The particulate matter is often encompassed in the term “air pollution”, i.e., any solid or liquid particle suspended in the air. A particulate matter is an assortment of a wide range of contaminants. It consists of smoke, vapours, smut, besides other derivatives of combustion, and it also includes sand, sea salt, spores and pollen. However, the leading role among the particulate constituents is played by the particles derived from exhausts, by-products of vapourised materials, and oxidised gases in the atmosphere such as sulphates and nitrates.
Can air pollution affect Non-Alcoholic Fatty Liver Disease?
Studies state that so far it has been known that PM2.5 results from fuel combustion (motor vehicles, power generation, industrial facilities), residential fireplaces and wood stoves. PM2.5 are usually selected as indicators of air pollution since those particles cause morbidity. In fact, the exposure of PM2.5 alone could cause inflammation via tumour necrosis and hamper factor-alpha, endothelial function and autonomic nervous system injuries.

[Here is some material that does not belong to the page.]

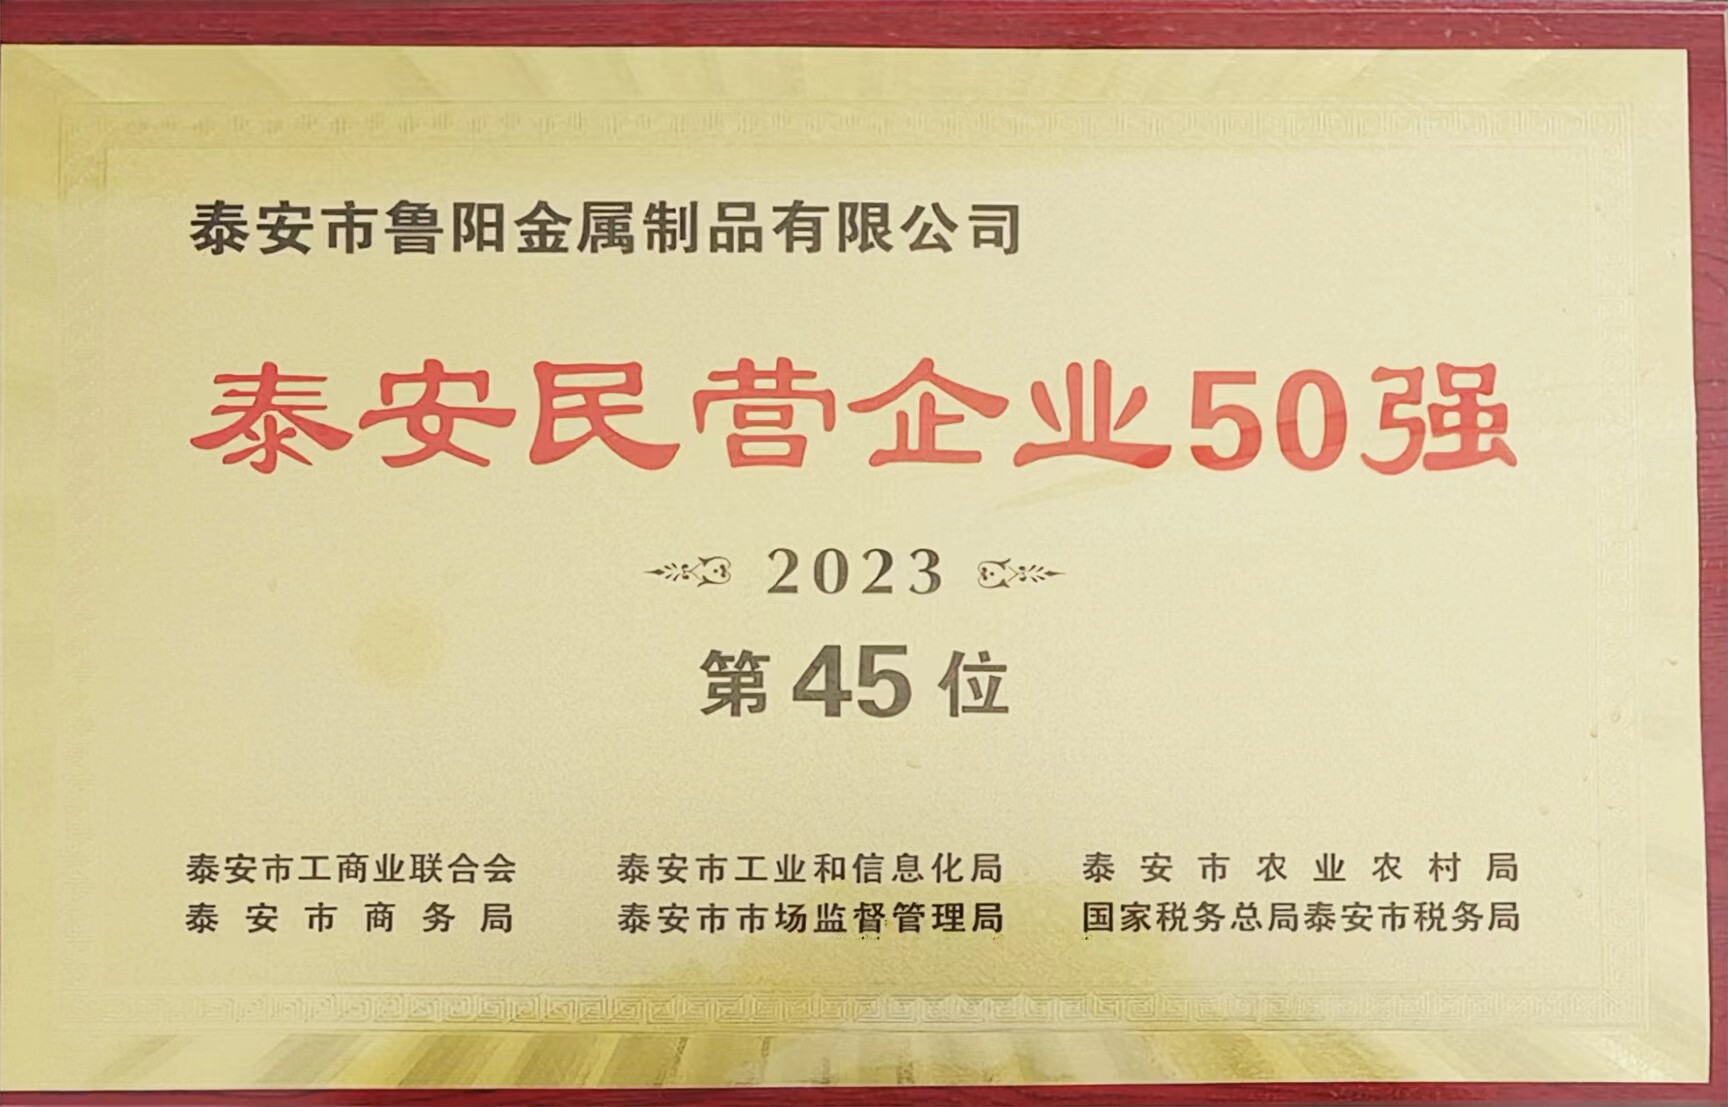 鲁阳金属被评为“泰安民营企业50强”45位

According to the Journal of Hepatology, exposure elevates the risk of oxidative stress-driven nonalcoholic fatty liver disease by triggering an increase of dyslipidemia. Specifically, fine particulate matter exposure may trigger non-alcoholic steatohepatitis (NASH) like phenotype, impair hepatic glucose metabolism and promote hepatic fibrogenesis.
Further studies should investigate the effects of long-lasting exposures to cigarette smoking and to ambient air PM2.5 on specific pathways of hepatic metabolism, and the obesity-related NAFLD, favouring the development of NASH (a disease characterised by a worse prognosis due to its progression towards fibrosis, liver cirrhosis and hepatocarcinoma).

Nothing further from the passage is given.